Lacan llama “rectificación subjetiva” a esa entrada. Incluso me parece que la obra de Lacan, más que la
de Freud, es realmente adecuada a la demanda del siglo actual.
–¿Por qué?
–Freud logró producir la dimensión del deseo inconsciente. Lacan introdujo algo que, sin estar ausente
en Freud, no había sido el centro de su formulación: la consideración del lazo del sujeto con sus arreglos
de goce. Y esto es afín con el discurso moderno, porque este discurso produce un sujeto que en otra
época, realmente, hubiéramos podido llamar cínico: sujetos que se dedican a sus satisfacciones propias,
en cualquier campo que sea, profesional, amoroso, sexual. Es lo que llamo la ética “narcinista”,
fabricando una palabra con “narcisismo” y “cinismo”. En la ética narcinista, el psicoanálisis, en su
orientación lacaniana, cae bien porque no desconoce el problema del empuje a gozar, pero propone al
sujeto explorar su modo propio, que lo define en su singularidad.

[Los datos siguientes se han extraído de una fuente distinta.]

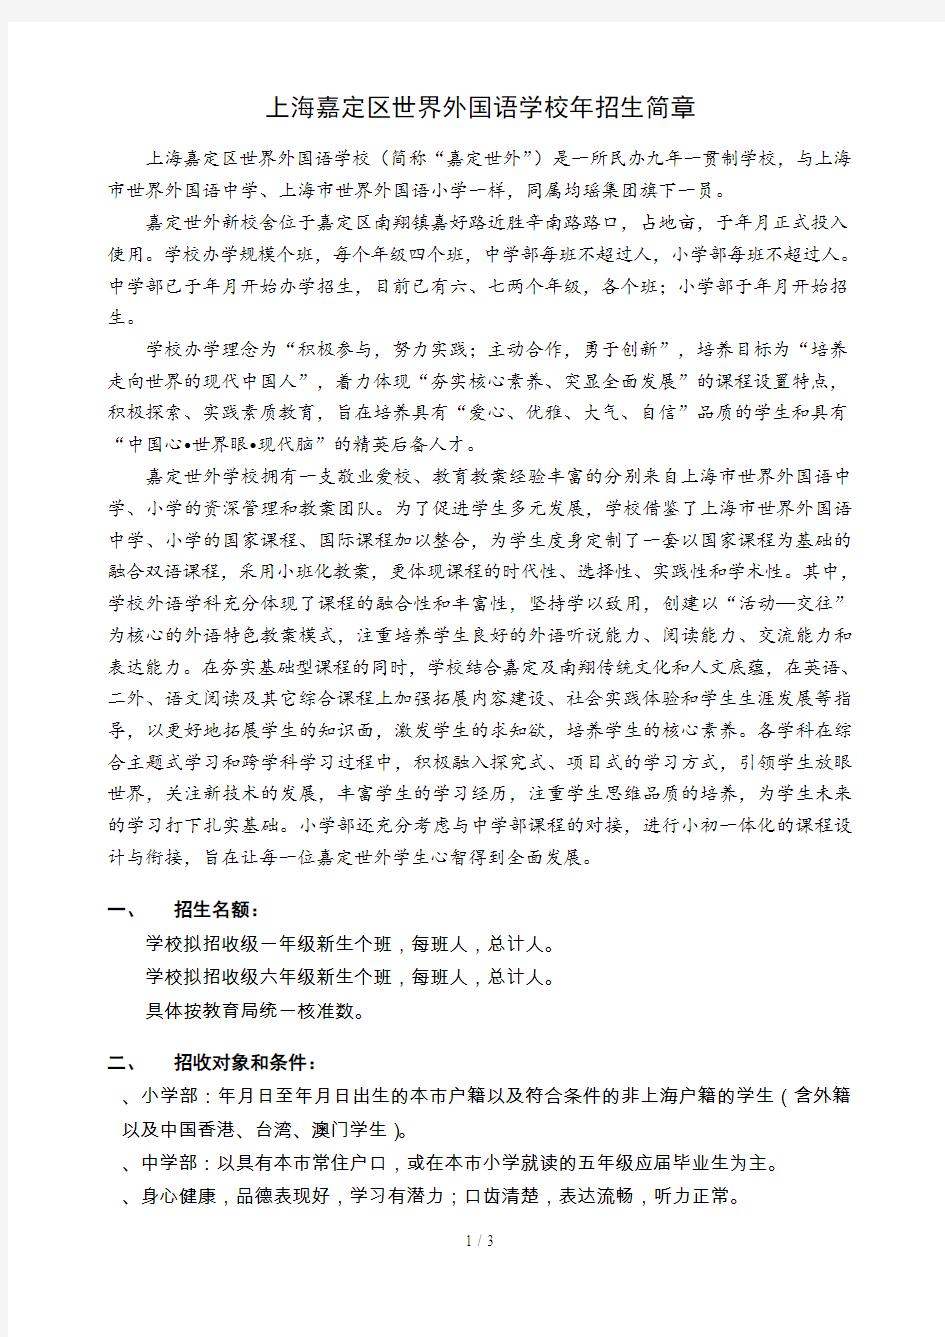 上海嘉定区世界外国语学校2019年招生简章

–¿Qué tiene para decir el psicoanálisis sobre los últimos acontecimientos mundiales? ¿Qué lectura puede
hacerse de los movimientos terroristas y fundamentalistas?

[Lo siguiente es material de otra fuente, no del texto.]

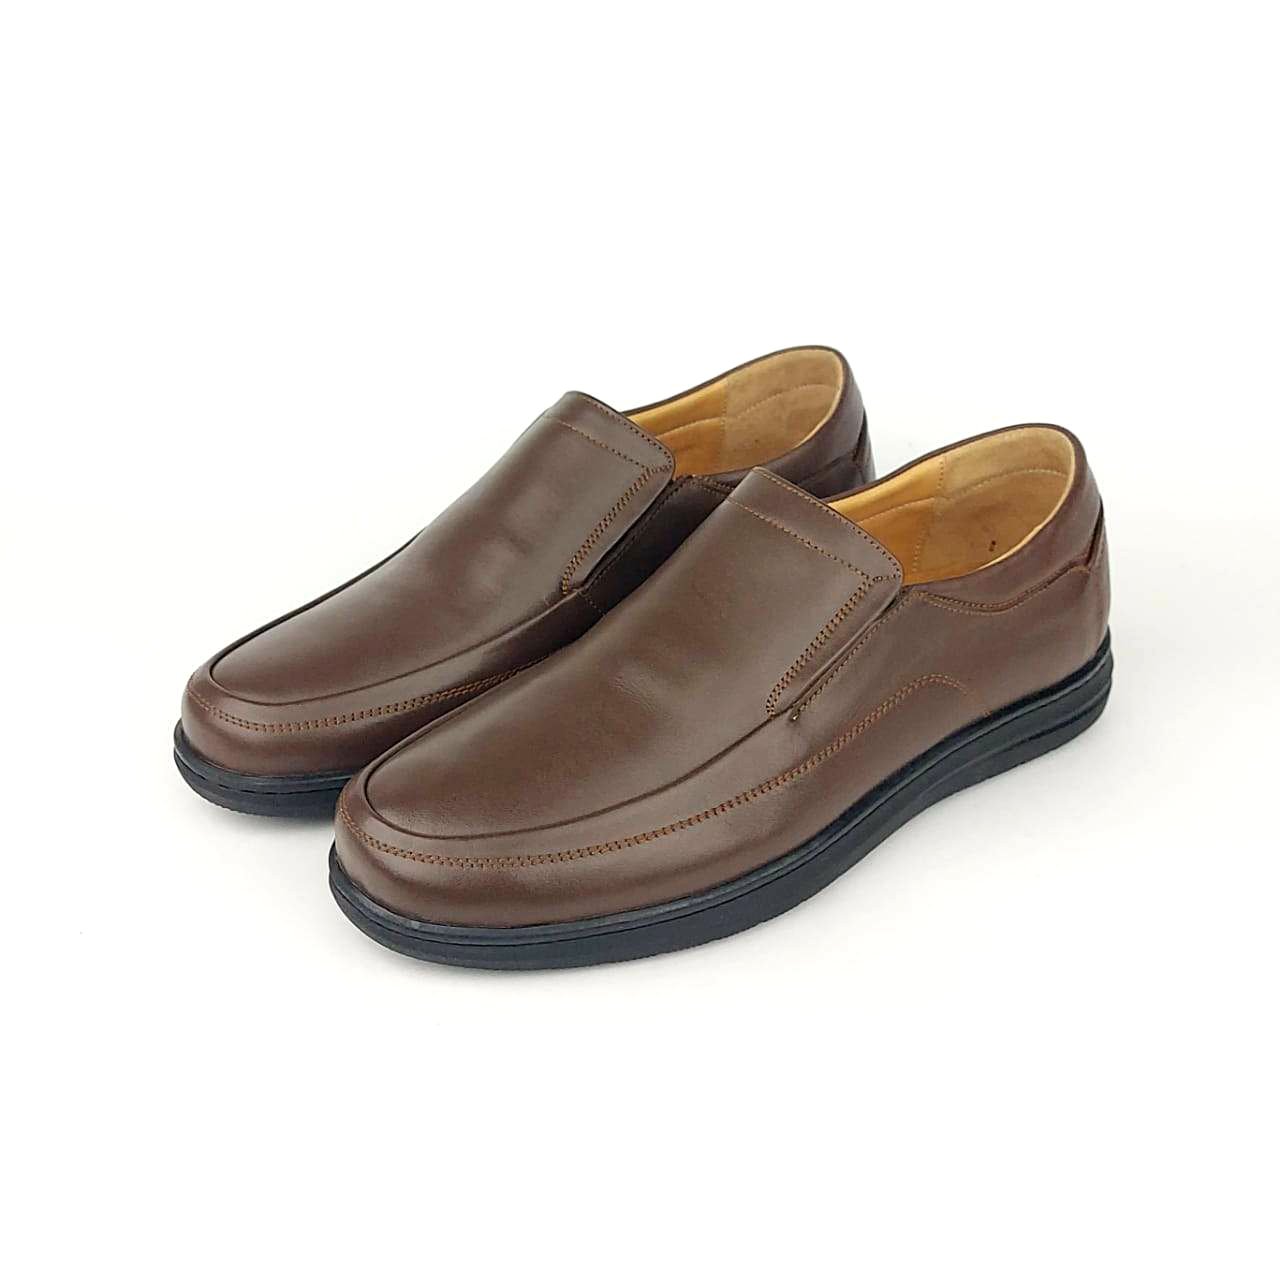 2041 Chaussure cuir marron - VOLZAK

–Estas manifestaciones horrorosas del terrorismo mundial responden a un nivel organizado, no a un
terrorismo de artesano. Es un terrorismo casi industrial, puesto que necesita instrumentos, fondos, y se
basa en el capital, en el dinero de algunos. Este terrorismo impacta a todos, y creo que los psicoanalistas
están concernidos como ciudadanos, como cualquiera, pero también en tanto que psicoanalistas. No es
que los psicoanalistas deban decir su opinión sobre el asunto porque, como decía Freud, no se trata de
crear una nueva visión del mundo. No se trata de eso, no se trata de utilizar el psicoanálisis para
desarrollar una visión del mundo. Cuando un analista hace eso, y hay algunos que lo hacen, no es el
psicoanalista quien habla, es el individuo. Pero creo que todos los psicoanalistas están concernidos en
esto. Decíamos que había algo a contrapelo entre el discurso capitalista y el psicoanálisis, pero entre el
psicoanálisis y el fundamentalismo, cualquiera que sea, hay una exclusión. Es mucho más que ir a
contrapelo. Cada religión, si toma la forma fundamentalista, entra en oposición radical con el discurso
analítico. Históricamente, además, podemos ver que el psicoanálisis nunca logró hacer pie en los
regímenes totalitarios en la primera parte del siglo XX, y ahora, en los lugares donde el
fundamentalismo se desarrolla, está totalmente excluido. Y esto se entiende bien: el fundamentalismo
consiste finalmente en dar a Dios, a sus intérpretes, a los que pretenden hablar en su nombre, el
monopolio de la verdad, del conocimiento y de los imperativos vitales. Entonces cada fundamentalismo
desposee al individuo de su palabra. En 1966, Lacan decía que la religión, no ya el fundamentalismo
sino la religión en general, consiste en remitir la verdad a Dios. El fundamentalismo acentúa esto y lo
combina con un rasgo totalitarista. Entre el fundamentalismo y el psicoanálisis hay una cuestión de vida
o muerte. No es una guerra con bombas, pero sí una guerra de discurso, seguro. Y, dentro del
psicoanálisis, toda emergencia de algo parecido a un fundamentalismo es un peligro grave.